何せこの夏真っ盛りの時期に、エアコンを付けないでいるのだから当然と言えば当然だ。
エアコン自体は無事なのだが、コードが切れてしまったらしく明日コードが届くまで、つまりは今夜はエアコンが使えないという絶体絶命の状況だった。
唯一の幸運は、今日は土曜日で最悪寝れずとも平日の最初を一睡もせずに始めることにはならないということだ。
扇風機を最大出力にしているが焼け石に水。私は耐え切れず、コンビニにでも行って涼もうと思い財布とスマホだけ持って家を出て行った。
私の住んでいるマンションは一階がコンビニになっているので、こういう時はとてつもなく便利だった。



うまい!

コンビニスイーツのプリンをイートインで味わいながら、私は外の景色を見ていた。
国道沿いゆえに、こんな深夜でもそこそこ車が走っているのを眺めながら、深夜のコンビニで甘味を味わっている非日常感をなんだかんだ楽しんでいた。
そして、外を眺めている時に私がふと気づいた。

あの猫がいないな……

このコンビニを使った時もあの猫を見かけたのだが、今夜はどこにも見当たらなかった。
どうやら居ないと違和感を感じるほどに自分の日常に入り込んでいたようだ。

まぁ猫だし、気まぐれな生き物だしな

そう自分を納得させ、スプーンで取ったプリンを口に入れようとした瞬間

「ここ、いいですか?」

そこにいたのは一言でいうなら自分好みな美少女だった。
チャックを胸のあたりまで降ろしたパーカー、開かれたチャックから見える豊満な胸に押し出されたシャツ、太ももをこれでもかと見せつけるほどに短いホットパンツ、鍔が正面より少し斜めになるように被った帽子、そして、とても楽しそうな笑顔。
そんな少女に声を掛けられ、私はフリーズしていた。すると彼女が少し不安そうな表情を見せた。

「えっと……ダメでしたか…?」

いえ、とんでもないです!

慌てて否定する。
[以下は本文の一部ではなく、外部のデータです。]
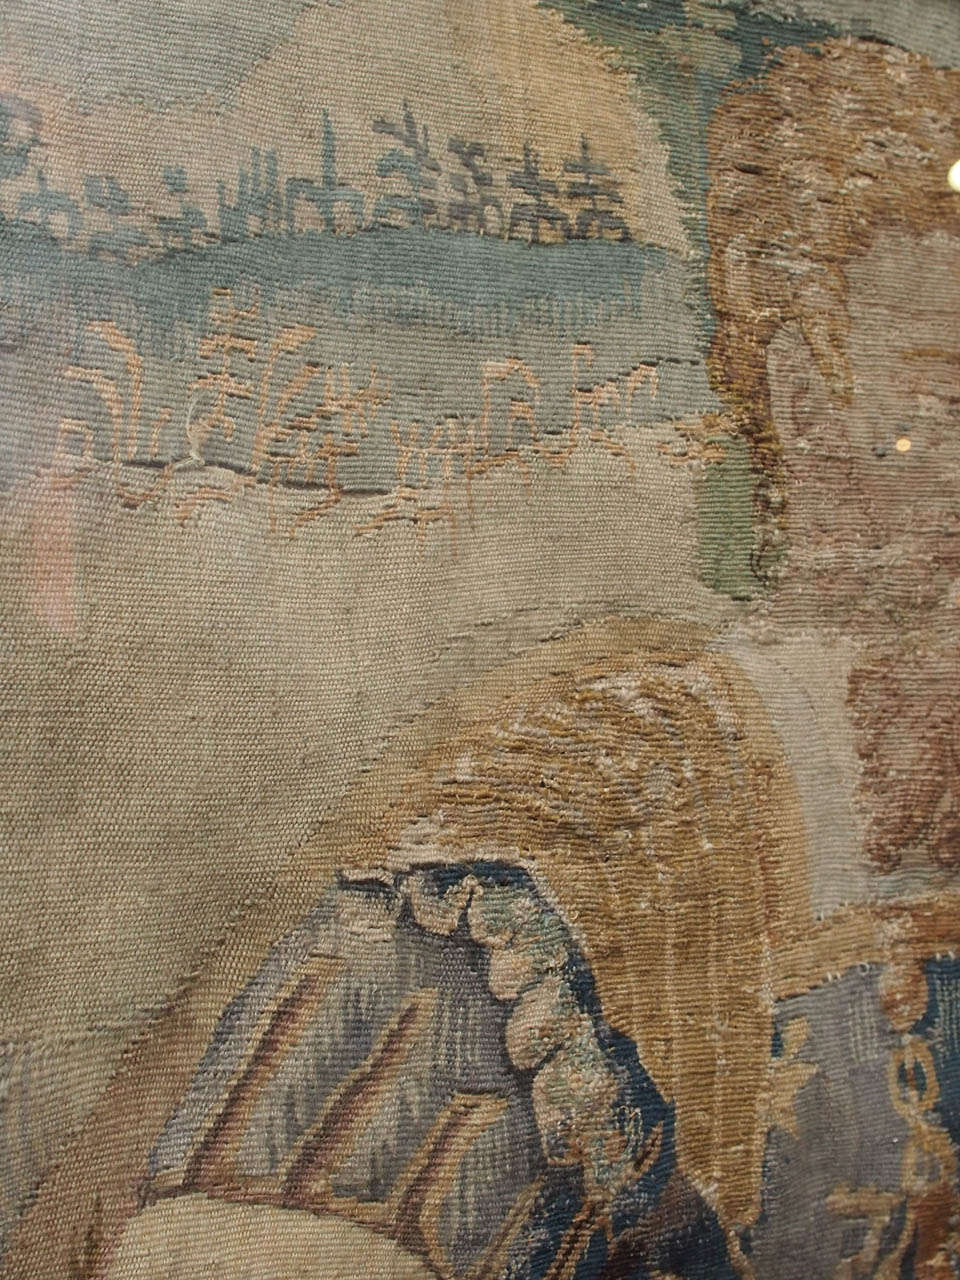 17th C. Flemish Tapestry Fragment in 19th Century Frame 2
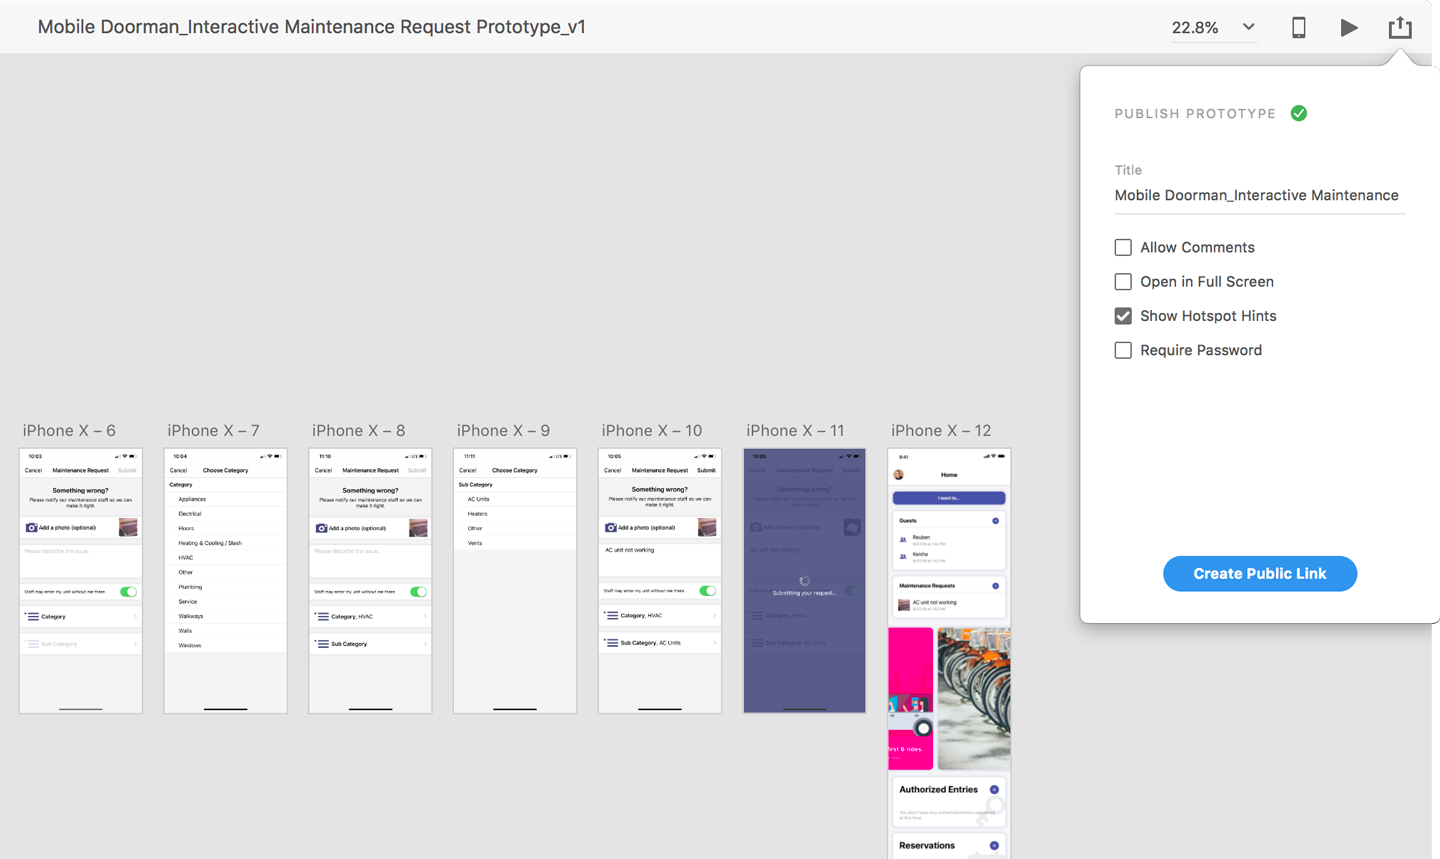 A screenshot of Adobe XD's Publish Prototype feature.

別に誰かが座ってたわけでもないし、何より彼女が見せた暗い顔を見たくなかった。
とっさにそんな考えが浮かぶくらい、私は既に彼女の魅力に惹かれていた。

「あ、よかったぁ!じゃあ失礼しますね!」

そう言うと、彼女は私の二つ隣の席に座った。
隣じゃないのか…正直そう思ってしまった。
すぐさま何を考えているんだと頭を振り、スプーンに乗ったまま放置されていたプリンを口に入れる。
さっきより甘さを感じない気がする…というより、意識がだいぶ隣の少女に向いているようだ。
ちらりと横目で少女を見ると、彼女は何か食べたりするでもなく外を見ていた。

どうしてこんな夜にコンビニに?

そう聞くと彼女はこちらに笑顔を向けながら答えた。

「ここのコンビニのオーナーが私の知り合いなんです。それで、好きに居ていいって言われてるんです。だから、たまに公園みたいな感じで来てるんです。エアコンも効いてますしね!それと…」

彼女は頬を赤らめながら続けた。

「誰か素敵な人に会いたくて…とか……
#9825;」

突然私は捕食者の目に見つめられ、心臓の鼓動が早くなっているのをはっきりと感じた。
さらには体温も上がり、スプーンを握っている右手も机の上に置いてる左手もじっとりと手汗が滲んでいた。
そんな私を無視して、最初の明るい少女の顔に戻った彼女は私のプリンに視線を向けた。